Janya ragas are ragas that are derived from Janaka ragas (Melakarta ragas). They may have less than 7 notes in their scales, or have additional notes in them, zig-zag (vakra) notes that step up and down, asymmetrical scales, etc. Janya raga is also called as Upanga raga. Example of Upanga ragas are : Malahari, Mohanam, Begada, Shriragam, Hamsadhvani, Vasanta, Janaranjani, Hindolam, Todi etc.

72 Melakartha ragas (Mathematical computation)
There are different types of swara sthayis or note pitches that leads to the total number of melakartha ragas. These different variations of swaras leads to more than one combination of musical scale. The different variations in swaras is mentioned below. Using this it is possible to mathematically ascertain the total number of melakartha ragas.
Sa (Shadja) - only one.
Ri (Rishabha) - Shuddha, Chathushruthi and Shatshruti Rishabha in increasing order of pitch.
Ga (Gandhara) - Shuddha, Sadharana, Antara Gandhara in increasing order of pitch.
Ma (Madhyama) - Shuddha, Prathi Madhyama in increasing order of pitch.
Pa(Panchama)- only one.
Dha (Daivata) -Shuddha, Chatushruti, Shatshruti Daivata in increasing order of pitch. 
Ni (Nishada)- Shuddha, Kaishiki, Kakali Nishadham in increasing order of pitch.
However, there are only some combinations that are allowed as for instance Shatshruthi Ri can combine with Antara Gandhara and Chathushruti Rishabha can combine with Sadharana and Antara Gandhara only. Likewise the same principle holds good for Da and Ni. If we label these swaras as Sa, Ra, Ri, Ru, Ga, Gi, Gu, Ma, Mi, Pa, Dha, Dhi, Dhu, Na, Ni, Nu.
The total combinations are:
a) 1 Sa X 1 Ra X 3(Ga, Gi, Gu) Ga + 1 Sa X Ru X 2 Ga (Gu, Gi) + 1 Sa X Ri X Gu = 6.
b) Ma, Mi =2
c) 1 Pa X Dha X 3 Ni (Na, Ni, Nu)+ 1 Pa X Dhu X 2 Ni (Nu, Ni)+ 1 Pa X Dhi X Ni =6
Multiplying these 3 combinations we get 72.

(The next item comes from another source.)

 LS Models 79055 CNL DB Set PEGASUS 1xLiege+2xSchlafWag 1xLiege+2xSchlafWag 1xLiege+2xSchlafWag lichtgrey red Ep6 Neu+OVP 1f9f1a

The 72 melakartha ragas are arranged in a cycle called katapayadi sutra which is named so because by the index of the raga we can get the name of the raga and the exact swara combination. The first 36 melakartha ragas have suddha madhyama whereas, the next 36 ragas have prathi madhyama.

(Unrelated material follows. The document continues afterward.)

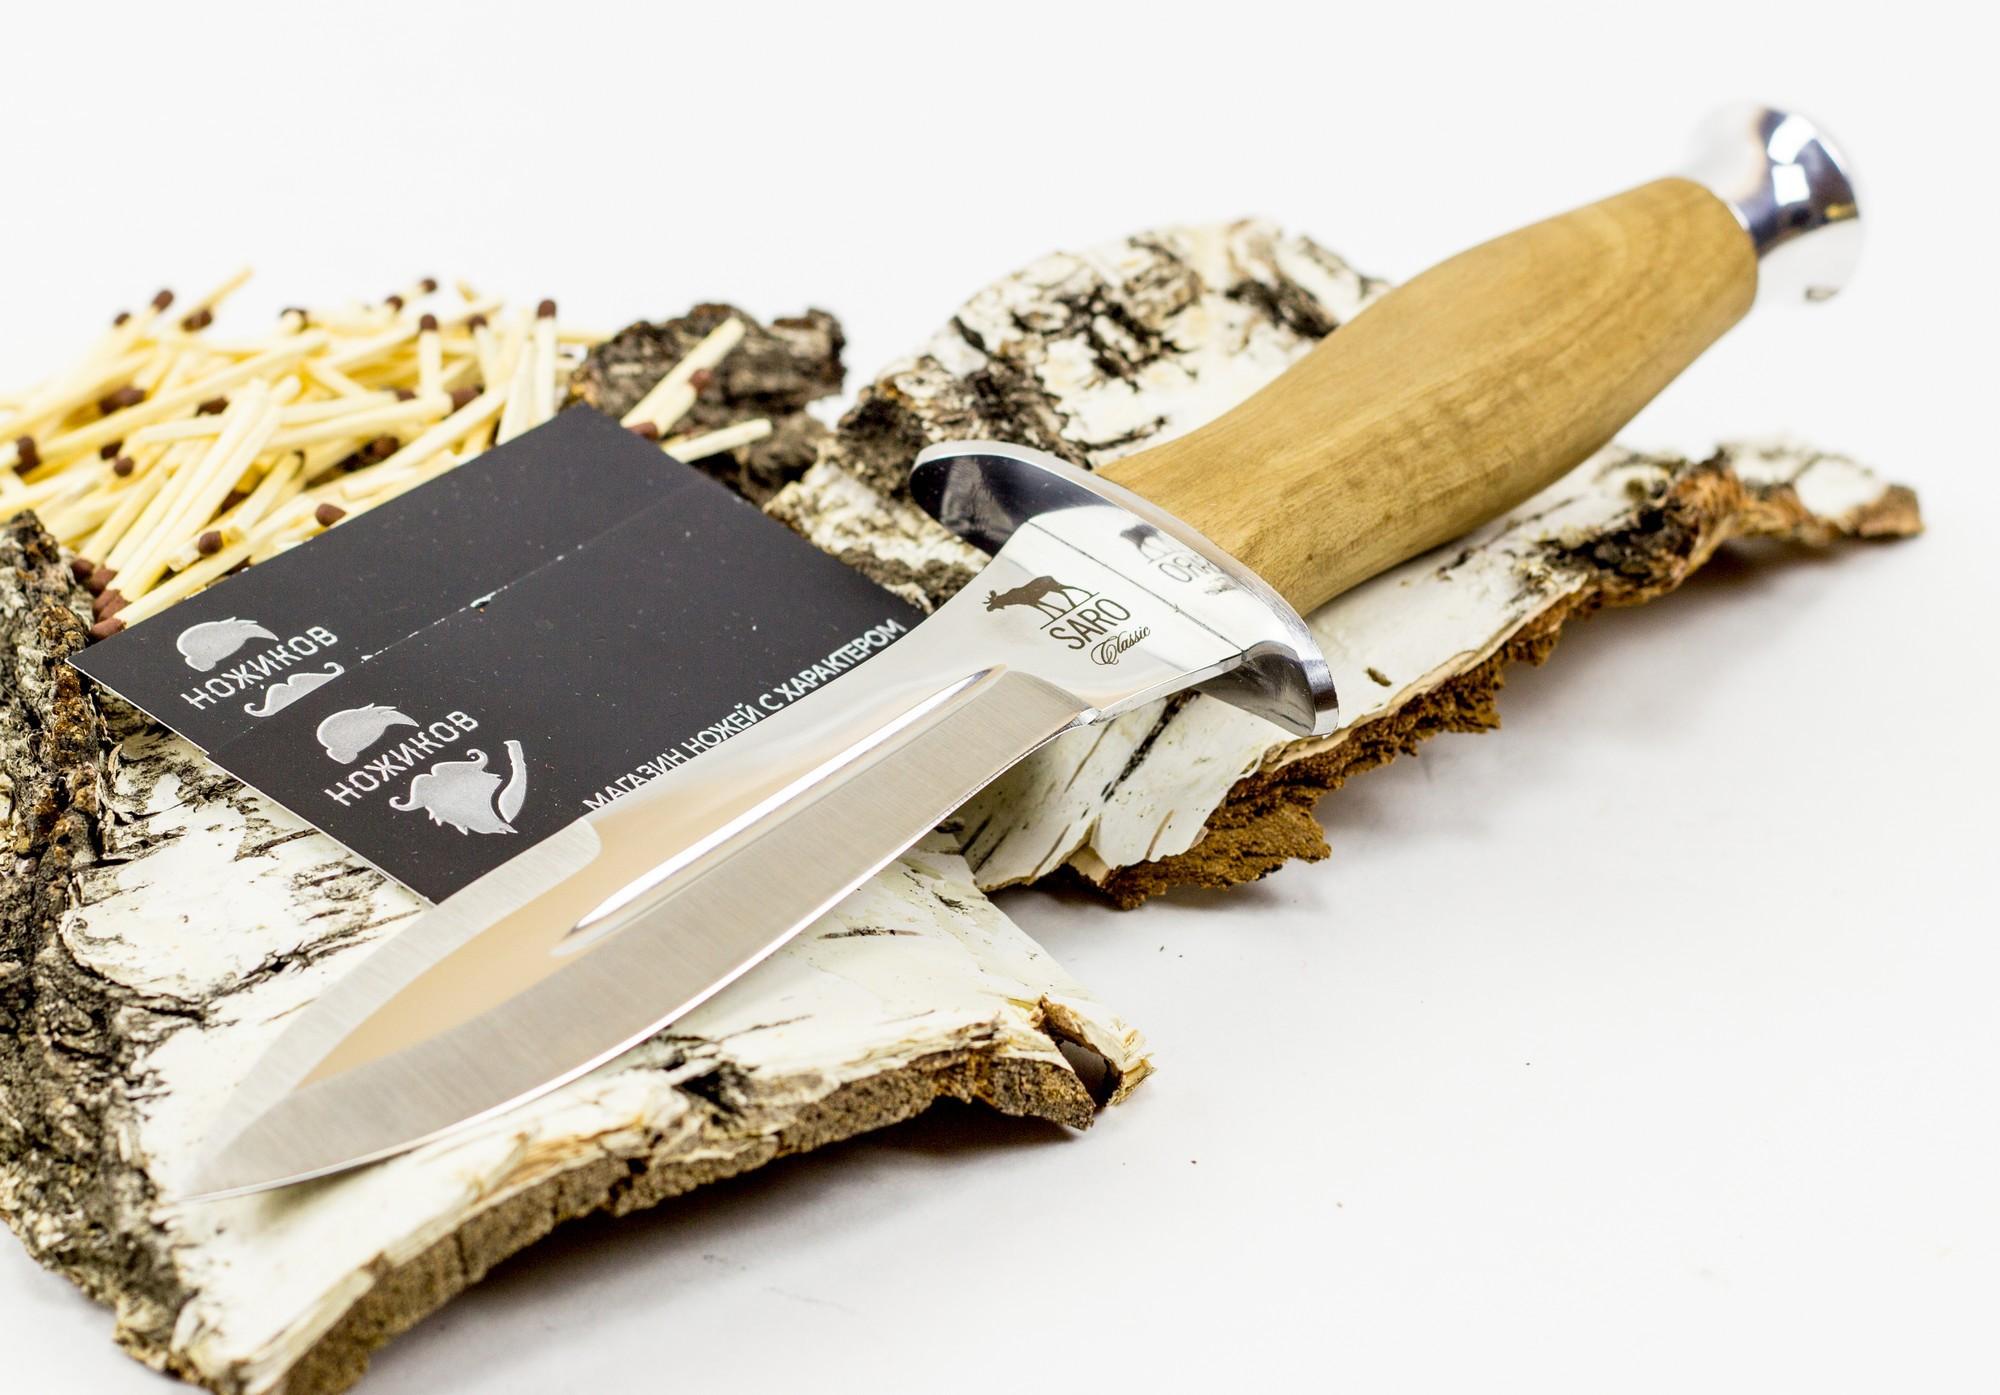 Фото 2 - Нож Кречет, дерево от САРО

The 72 combinations of melakartha ragas gives rise to a huge variety of musical flavours. Any sampurna raga is present in this 72 melakartha cycle. From these 72 melakartha ragas, there are more than a thousand janya ragas that contain more beautiful musical notations. While getting to know the details of a raga, it is important to know which sampurna raga the janya raga is derived from in order to know the swara types.

Janya ragas

Janya ragas are ragas that are derived from Janaka ragas (Melakarta ragas). They may have less than 7 notes in their scales, or have additional notes in them, zig-zag (vakra) notes that step and down, asymmetrical scales, etc. See full list of Janya ragas. E.g. of janya ragas are bilahari and hamsadhwani (derived from shankarabharana), sriranjani and darbar (derived from kharaharapriya) and so on.

Vakra ragas
Vakra ragas are janya ragas that have swaras arranged in a zig zag manner. For e.g. Raga Sri has the following arohanam and avarohanam :
S R M P N S. S. N P M R G R S.  Such a raga is called vakra raga.

Auḍava rāgas
Auḍava rāgas are janya ragas that have exactly five notes in ascending and descending scale (arohana and avarohana). Examples are :
1)Mohanam (S R G P D S. S. D P G R S) 
2)Hamsadhwani (S R G P N S. S. N P G R S)

Shadava Ragas
Shadava rāgas are janya ragas that have exactly six notes in ascending and descending scale

Components of Carnatic raga
A Carnatic raga has several components - primordial sound (nāda), tonal system (swara), intervals (shruti), scale, ornaments (gamaka) and important tones (vadi and samvadi).

Nāda
An aim of composer-performers of the past and present is to realise nāda, however, the sound that is audible to human ears is only a fraction of primordial sound.

Swara
The Carnatic tonal system consists of seven basic pitches, expressed by the solfa syllables: Sa (shadja), Ri (rishabha), Ga (gandhara), Ma (madhyama), Pa (panchama), Da (dhaivata) and Ni (nishadha).

Scale
A Carnatic raga consists of an ascending and descending scale pattern (known as aarohana and avarohana respectively). Both ascent and descent should have at least five tones, although rarer ragas contain fewer tones. Scales establish rules for all performers to adhere to in melodic performance, and provide a tonal boundary. Typical scale features also act to help listeners identify ragas.

Gamaka
Gamaka, or ornamentation, is essential in Carnatic raga performance. Gamaka encompasses controlled shaking, articulating, sliding, glottal stops and other vocal or instrumental manipulation.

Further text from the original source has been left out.